Central bank digital currencies: Drivers, approaches, and technologies

Central bank digital currencies are in the limelight. Yet the motives for issuance and, relatedly, the policy approaches and designs differ. This column surveys the drivers, policy approaches and technical designs, based on a comprehensive and publicly available database. It finds that all Central bank digital currency projects aim to complement cash rather than replace it. Many projects would allow for an important role of the private sector in the payment system.

Central banks around the world are researching a new form of money: central bank digital currency (CBDC). While the concept was proposed decades ago (Tobin 1987), central banks were initially slow to embrace it. This has changed with the declining use of cash – more so during the Covid-19 pandemic, the emergence of cryptocurrencies and the possible entry of private ‘stablecoins’ (G7 Working Group on Stablecoins 2019, FSB 2020).1 CBDCs could become a new, third form of central bank money, alongside physical cash (accessible to the public) and central bank reserves (accessible to many financial institutions). 

National interest in the topic differs, as do the policy approaches and technologies being considered. Some central banks are experimenting with CBDCs, while others have decided that they see no need. And even where CBDCs are being studied, technological and economic designs differ, with very different implications for the monetary and financial system (more on this in a companion column here).

In recent research (Auer et al. 2020c), we analyse the economic and institutional drivers of CBDC projects, thus shedding light on their motivations. We then assess the policy approaches and technical design of projects, and commonalities and differences across countries.

The drivers of CBDC developments: Assembling a new database

We assemble a comprehensive, publicly available database from three sources of information.2 First, to measure the stance on issuance, we use the database of central bank speeches maintained by the BIS. We search the universe of over 16,000 speeches for terms such as “CBDC” or “digital money”. We then classify the stance as either negative, neutral, or positive.3 We differentiate the stance by wholesale and retail CBDC.4 The result is presented in Figure 1.

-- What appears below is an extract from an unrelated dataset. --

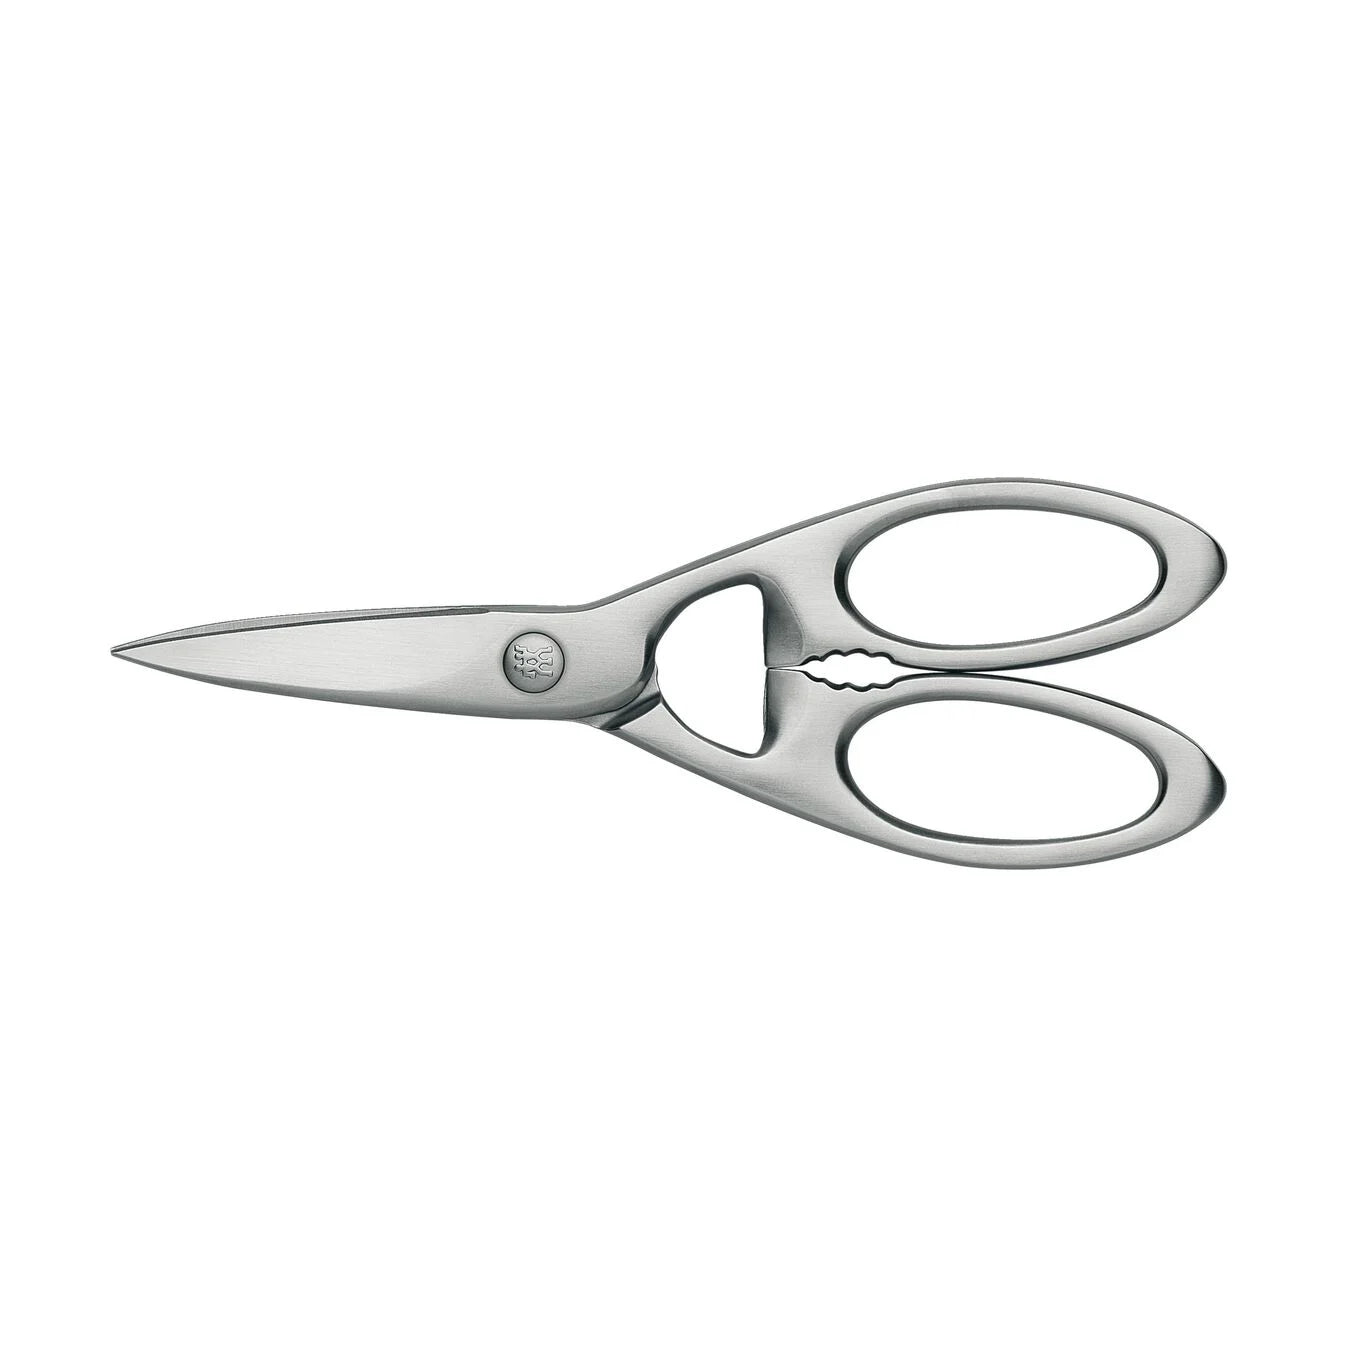 Shears - Twin Select - Stainless Steel
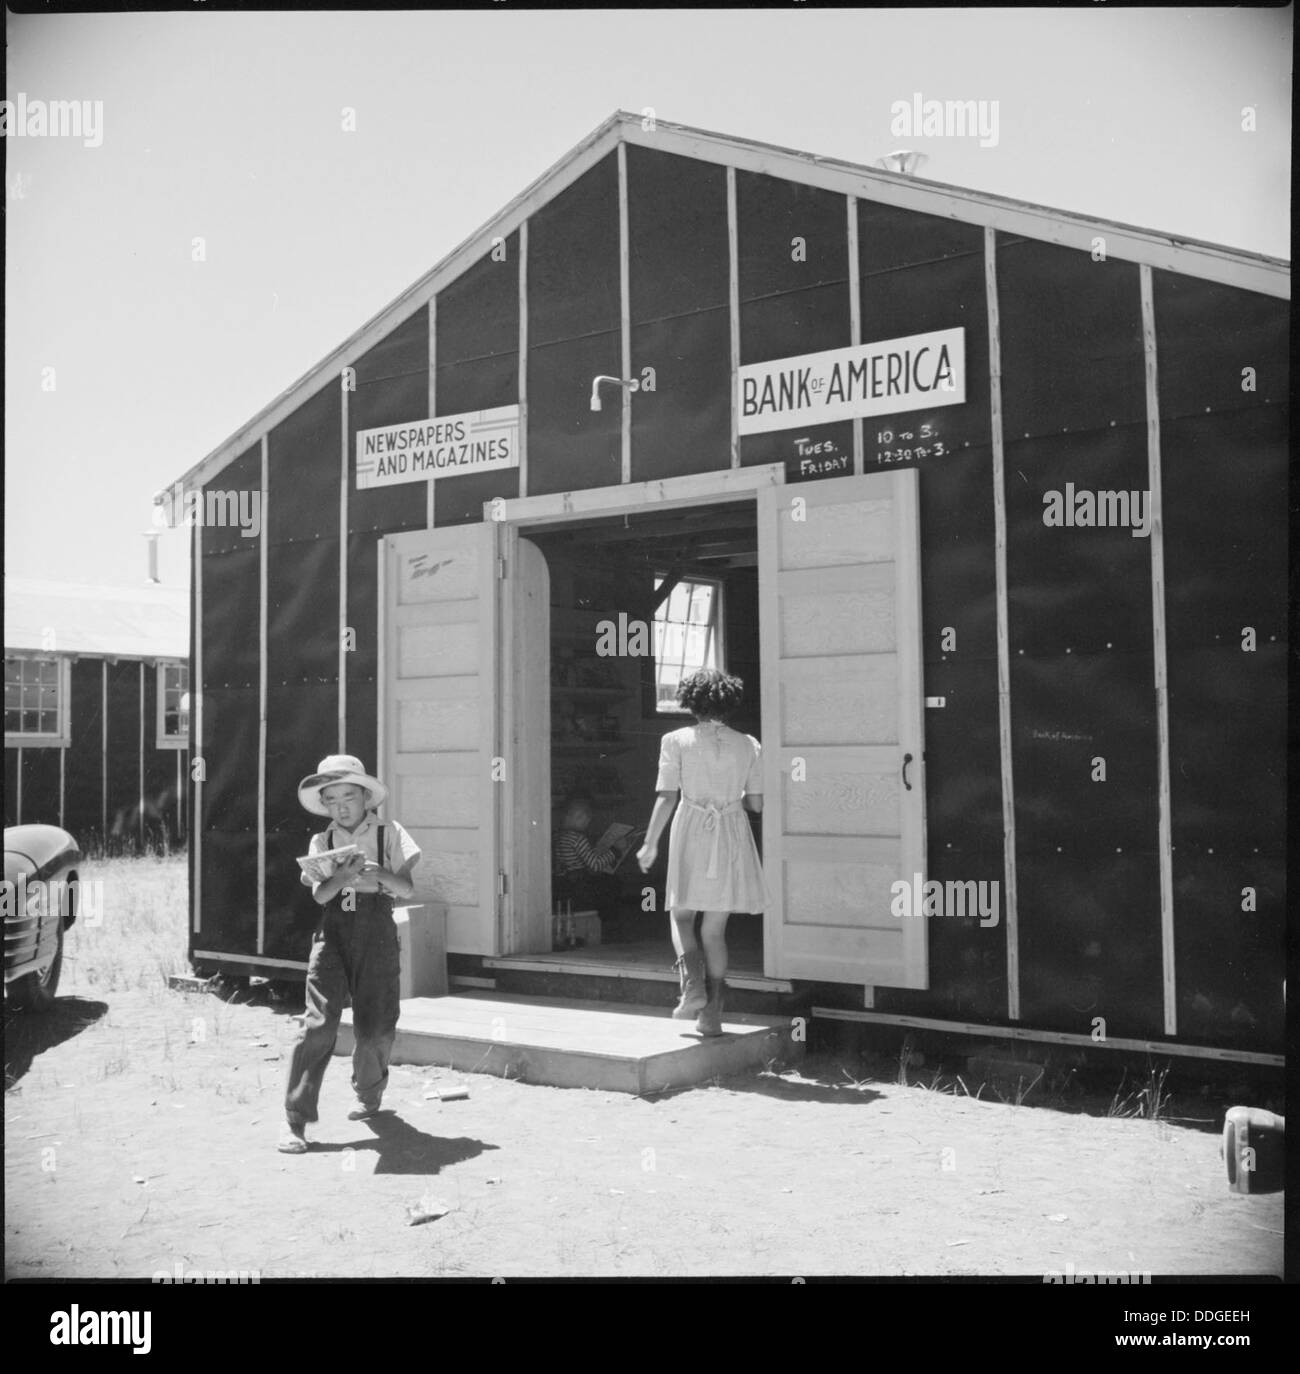 Tule Lake Relocation Center, Newell, California. A view of the bank and newsstand at this War Reloc . . . 538244 Stock Photo

Figure 1 Speeches on CBDCs have turned more positive since late 2018 

Notes: Search on keywords “CBDC”, “digital currency” and “digital money”. The classification is based on the authors’ judgment. The score takes a value of –1 if the speech stance was clearly negative or in case it was explicitly said that there was no specific plan at present to issue digital currencies. It takes a value of +1 if the speech stance was clearly positive or a project/pilot was launched or was in the pipeline. Other speeches (not displayed) have been classified as neutral.
Source: Auer et al. (2020c).

The second source is published CBDC project reports and in-depth interviews we conducted with the respective authors. Starting from the BIS-hosted list of central bank webpages, we consult all published reports by central banks on wholesale and retail CBDC projects. We only use official reports, not rumours and unconfirmed press articles. We have classified these into four buckets: no project, research, a pilot, or a live CBDC (at the time of writing, hypothetical). A growing number of central banks has communicated on their CBDC work, and several are actively piloting a retail or wholesale CBDC (Figure 2). 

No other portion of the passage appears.